Utilizing a shared publication/communication resource to support the production of the report that may include shared formatting, organization, style, and cross-referencing where appropriate.


Work Plan

Two weeks after the starting date of the agreement, the Contractor shall present to CalEPA PM a written work plan. The work plan shall:

  • Identify which investigators or staff will be responsible for which parts of the study
  • Present a timeline, including contingencies, CalEPA review periods, and revisions under CalEPA direction, that will ensure the timely delivery of work products.

The Contractor shall revise the work plan as directed.


Synthesis Report

The Contractor shall develop a synthesis report that describes the existing state of knowledge and policy as described above in Focus Area section 1, including work done by and for the State of California. The contractor shall describe the areas where uncertainty has the greatest potential impact on outcomes and policy decisions. 

Four months from the project start date, the Contractor shall deliver the synthesis report.

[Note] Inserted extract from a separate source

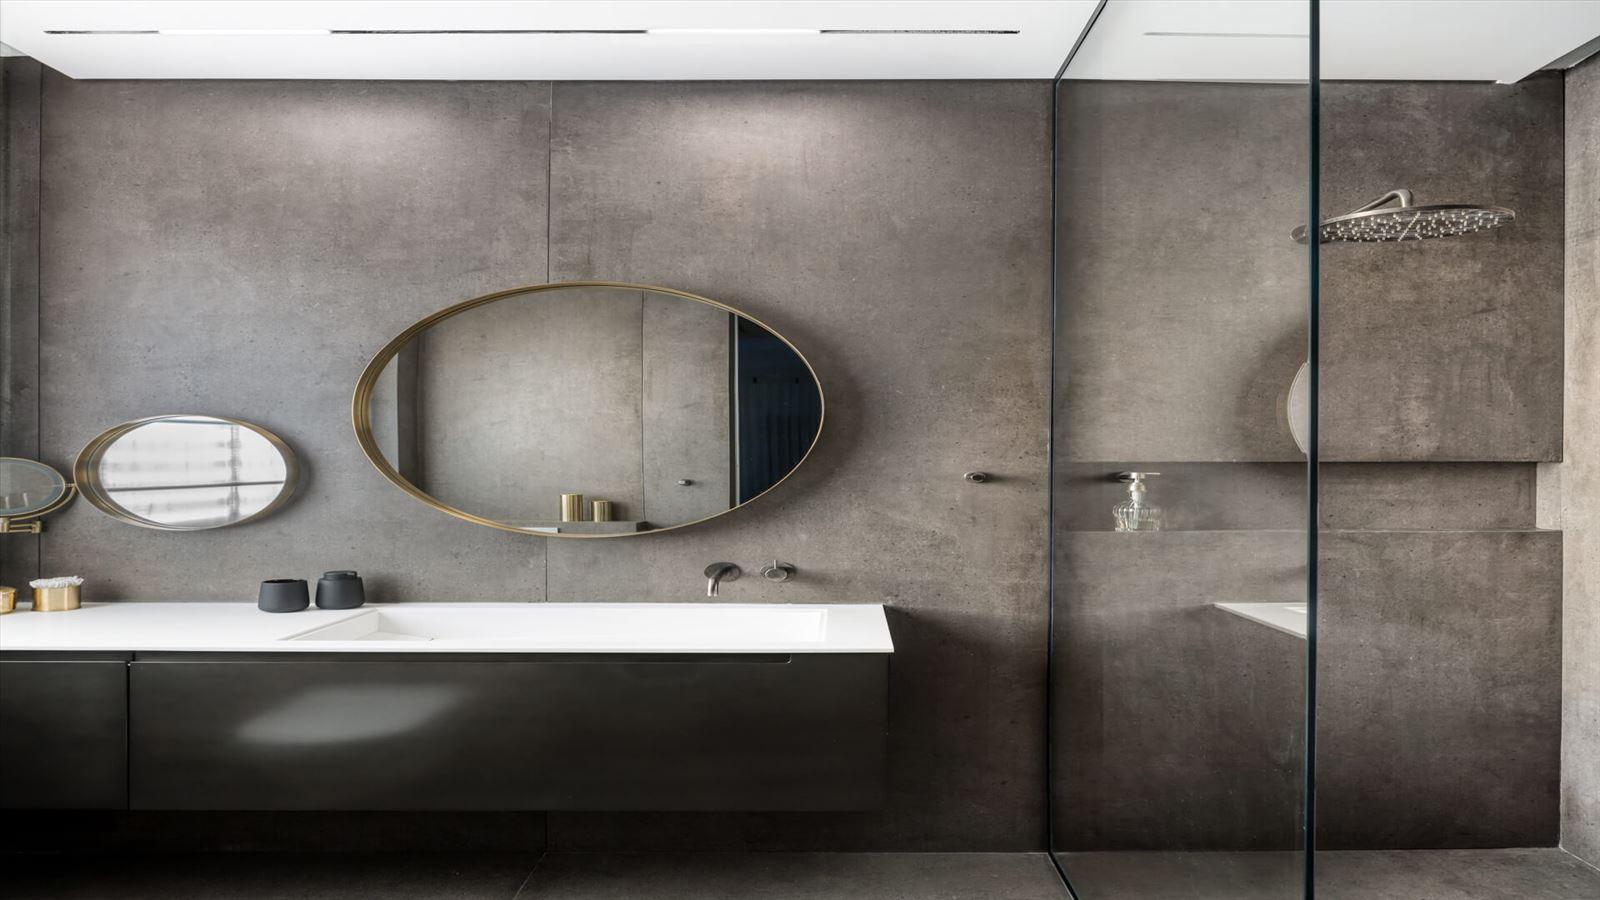 Penthouse Carmelit -  עיצוב תאורת אמבטיה על ידי דורי קמחי
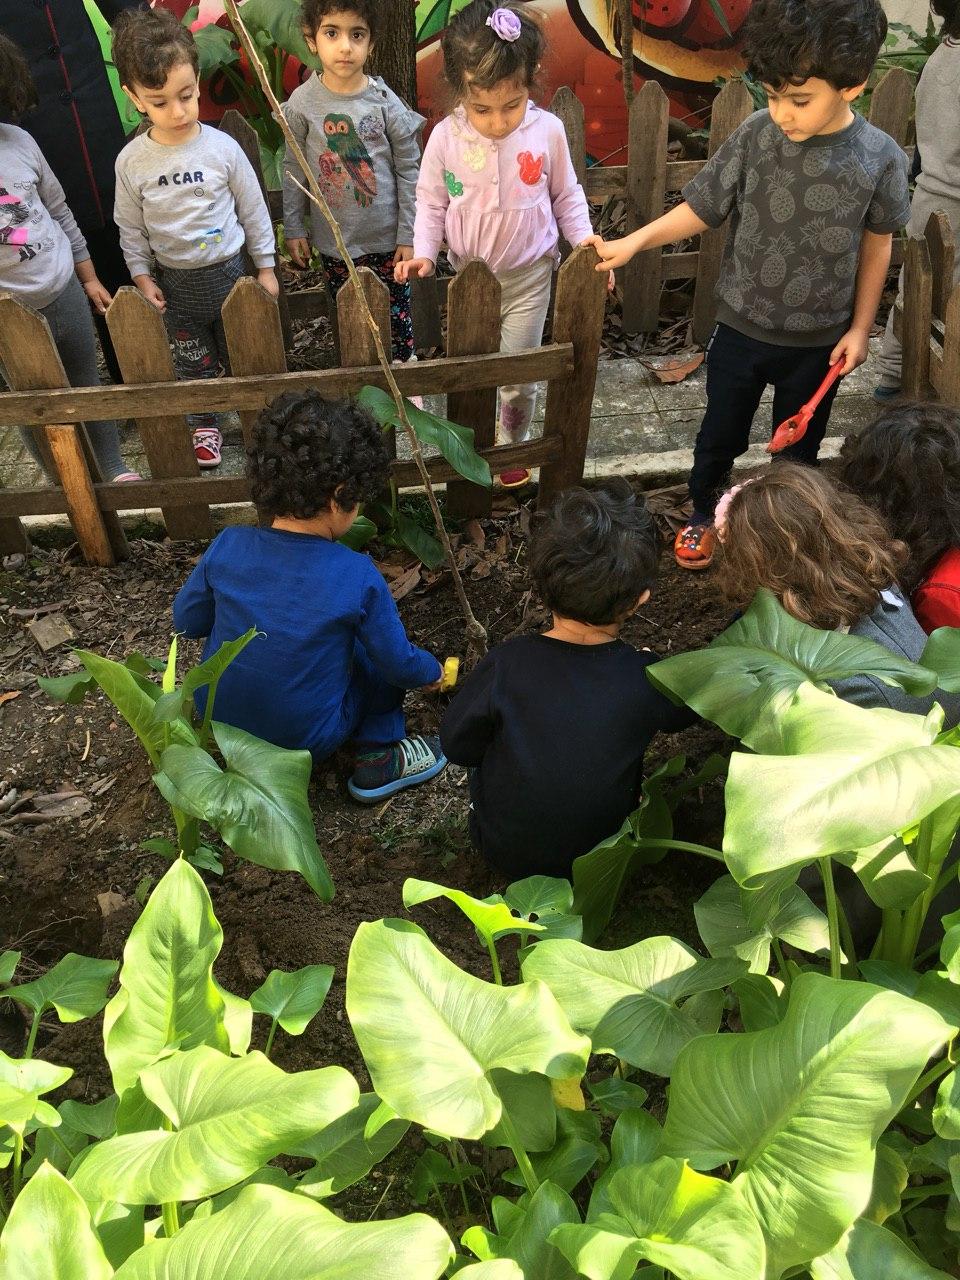 کاشت نهال توسط کودکان مهدکودک کندوی عسل عضو فعال کارگروه کودک ، نوجوان انجمن بوم بانان گیل و دیلم

The synthesis report shall be well presented, including clear charts and graphs, a high standard of graphic design, professional copy-editing, consistent formatting, and compliant with WCAG version 2.0 or later.

Draft Report

Contractor shall deliver a draft report for the study. The draft report shall:

  • Be substantially complete, including executive summary, introduction, body, conclusions, references, and all other parts
  • Contain the major analyses, evaluation, and conclusions expected in the final report
  • Be well presented, including clear charts and graphs, a high standard of graphic design, professional copy-editing, consistent formatting, and compliant with WCAG version 2.0 or later
  • In the format detailed in Final Report Format
  • Delivered thirty (30) days prior to Final Report date

The Contractor shall revise the presentation of the draft report and inclusion of additional material as directed.


Final Report

Contractor shall deliver the final report in electronic format. The final report shall:

  • Be complete and contain the final results of the studies
  • Be written to communicate effectively with a diverse audience without technical expertise in the topics covered
  • Be well presented, including clear charts and graphs, a high standard of graphic design, professional copy-editing, consistent formatting, and compliant with WCAG version 2.0 or later
  • Be in the format detailed in Final Report Format


Public Outreach materials and Translated materials

Contractor shall deliver electronic materials for public outreach, including:

  • Up to eight 1–2-page fact sheets, written for a broad audience and including clear and relevant graphical elements such as charts and graphs, and explaining the analysis or evaluation and major findings of the various investigations in the studies
  • Up to four PowerPoint presentations, designed for a broad audience that explain the analysis or evaluation and major findings of the various investigations in the studies

These materials shall be of high standard, formatted consistently with each other and with the final reports, and compliant with WCAG version 2.0 or later.


Meeting attendance and presentations

Contractor shall provide presenters from among the investigators and staff who performed the studies to attend, speak, and answer questions at up to four full-day public meetings in various locations in the State.